Двум смертям не бывать
Шрифт:
Зажигается электричество, мягкий, розовый абажур наполняет всю комнату искажающим очертания хилым, призрачным светом. Но и он, этот призрачный свет, не скрывает, что отец постарел, что мать, прежде такая веселая, быстрая, легкая, нынче движется медленней, в тихой, ровной усталости, уже ставшей привычной. Но и здесь, как и прежде, тот же быт, те же вещи, простые и грубые: стол и шкаф, неуютная койка, тот же письменный стол, тот же самый барометр, часы и настольная лампа.
Но при взгляде на эти родные мне лица, на стол с клеенкой, на узкую койку я вдруг понимаю, с какой темной силой, еще молодой и красивый, сказал как-то Блок:
Когда я стал дряхлеть
Поэт, привыкший к сединам,
Мне захотелось отодвинуть
Конец, сужденный старикам…
И что-то сжимает мне горло, какая-то боль. А они, мои самые близкие люди, уже суетятся, готовят на стол, подают, словно нет этой грозной великой проблемы, словно их не коснется движение времени, словно я застраховала от грядущих раскаяний, поздних слез.
Мне их жалко, моих одиноких, седых стариков.
Но ведь вслух-то не скажешь! Отец только хмыкнет, промолчит иронически, мать, та в помощи, в сострадании почему-то усматривает всегда посягательство на ее суверенное право хозяйки, на почти безраздельное полновластие в огороде и дома. Разве что разрешит сходить на реку за водой, да и то с оговорками. Нет, ни словом, ни взглядом нельзя рассказать то, что чувствуешь: мои самые близкие люди ничего не приемлют!

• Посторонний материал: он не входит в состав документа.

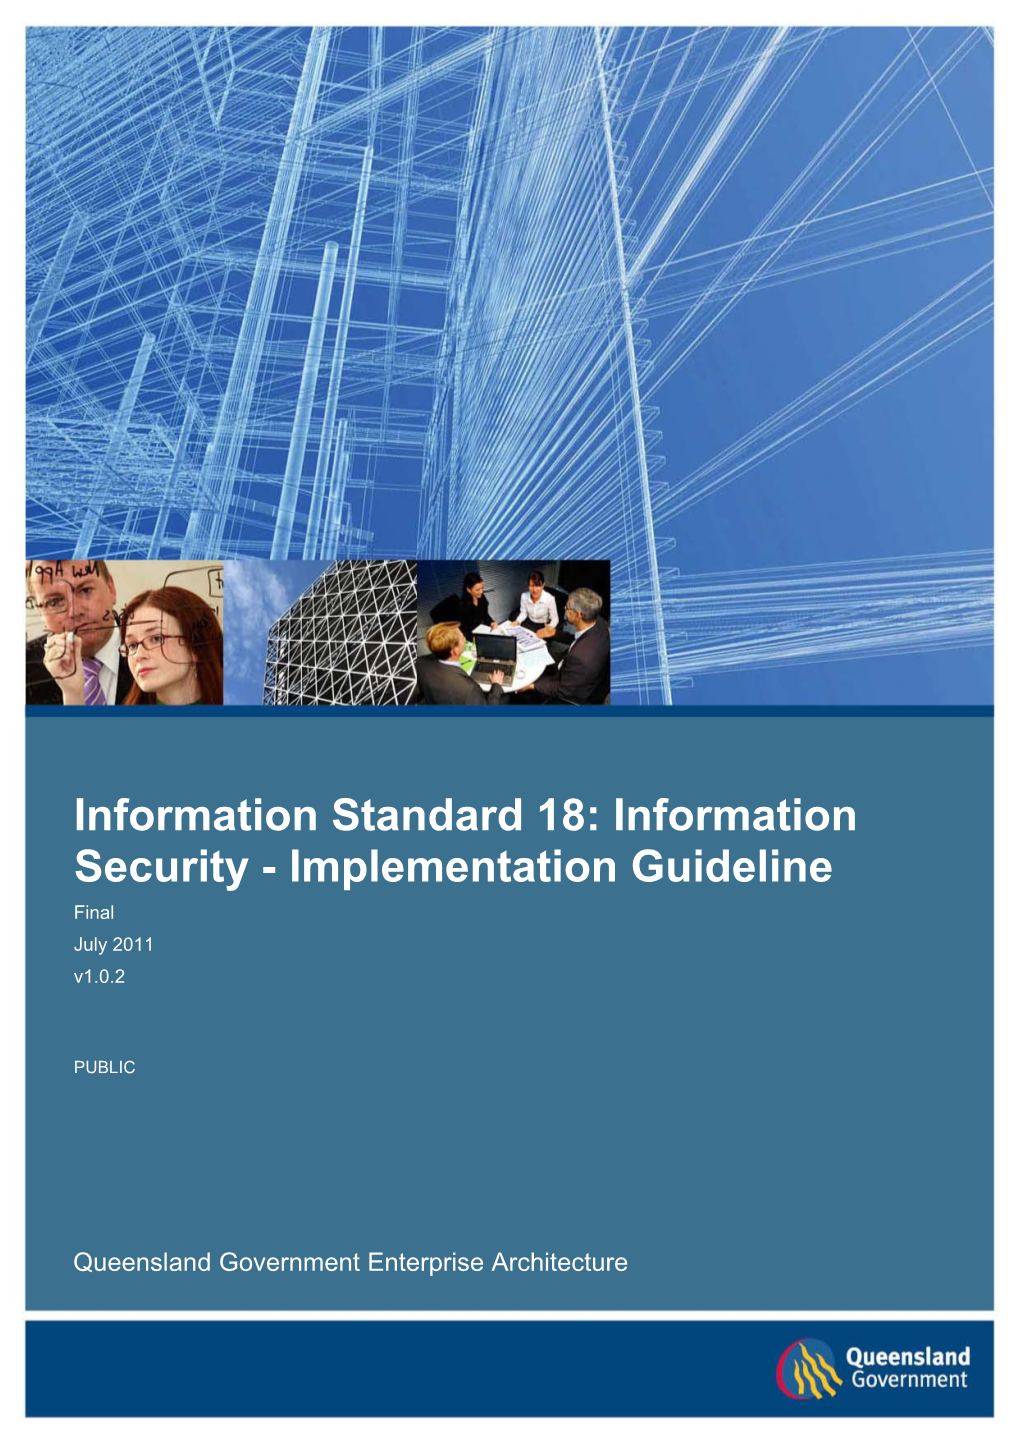 Information Standard 18: Information Security - Implementation Guideline

Вот и бродишь аллеями, между темными туями и разросшимся, пышным жасмином, отделяющим полевую дорогу от дома, или в старом розарии, окаймленном широкими древовидными сиренями. Если есть земной рай, не небесный, то, наверно, он здесь, в старых плавнях, на всегда увлажненных, удобренных илом полях, в этом дивном оазисе с виноградниками и бахчами, в яркой зелени абрикосовых и ореховых рощ, омываемых полноводной рекой, бурной, глинистой, часто холодной. Но и в этом раю есть изгнанники — по годам, по болезням…
* * *
Много долгих сияющих лет я ездила в этот тихий, пленительный уголок.
Мне нравится молчаливая дружба наших мужчин: как доверчиво по вечерам они курят на теплом, нагретом на солнце крылечке. Как готовят на утро наживку и снасти. Как поглядывают друг на друга, когда говорят.
Что-то теплое, прежде мне незнакомое возникает в душе у меня, когда вижу фигуру отца в такие часы.
Но так коротко лето, так недолог наш отпуск!
И все хочется обежать, осмотреть, повидать все, что мне так поправилось за лето: и песчаную отмель на бурной, коричнево-рыжей от глины реке, и аллею тутовников с упавшими на траву желтоватыми и чернильно-лиловыми сладкими ягодами, — и еще раз взглянуть на зеленый закат за Солодким, среди низеньких лесополос.
Почему-то мне помнится жаркий, душный и дымный от испарений, как будто тропический, вечер.
Над возделанными полями, над сизыми в полутьме виноградниками поднялась, как видение, серебристо-зеленая колдовская луна. Все в ее расточившемся, трепетном свете стало зыбким, неуловимым: и линия горизонта, и контуры старых деревьев в поселке, и далекие лесополосы в той стороне, где недавно померк лиловатый, малиновый и зеленый закат. Лунный свет, словно дым, заклубился над листьями, над цветами, над пылью дороги, потянулся тончайшими нитями, как паутина, в глубину, в темноту созревающих, пахнущих медом садов, заскользил над землей, зашаманил, обещая, томя, наполняя весь мир ожиданием, ощущением предстоящего счастья…
Да, в такой лунный вечер, конечно же, не
А луна все томительней, зеленей, а влажная тишина все настойчивей, гуще — и вот первая робость замедляет наш шаг и наше движение в темных аллеях. Чу! Что это такое? Мы вздрагиваем. Деревянно, подобно трещотке, кто-то рядом заскрежетал на стволе пожелтевшей гледичии, словно леший, пугнул нас, мы замерли на дороге.
— Да это лягушка древесная!
— А это? — В кустах убегающий шорох. — Змея?!
— Нет, не знаю, сейчас посмотрю…
Мой товарищ рванулся в кусты и вынес какой-то комочек.
— Потрогай!
— Ой, колется! Ежи-ик!
— Ежик. Славный какой! Побежал, не догонишь…
Я кладу существо, растопырившее иголки, в свою шелковую косынку и несу его в узелке, притаившегося, в подарок отцу: он ведь любит живое.
Мы идем между лоз винограда, золотящихся и зеленых, сквозь ажурные тени.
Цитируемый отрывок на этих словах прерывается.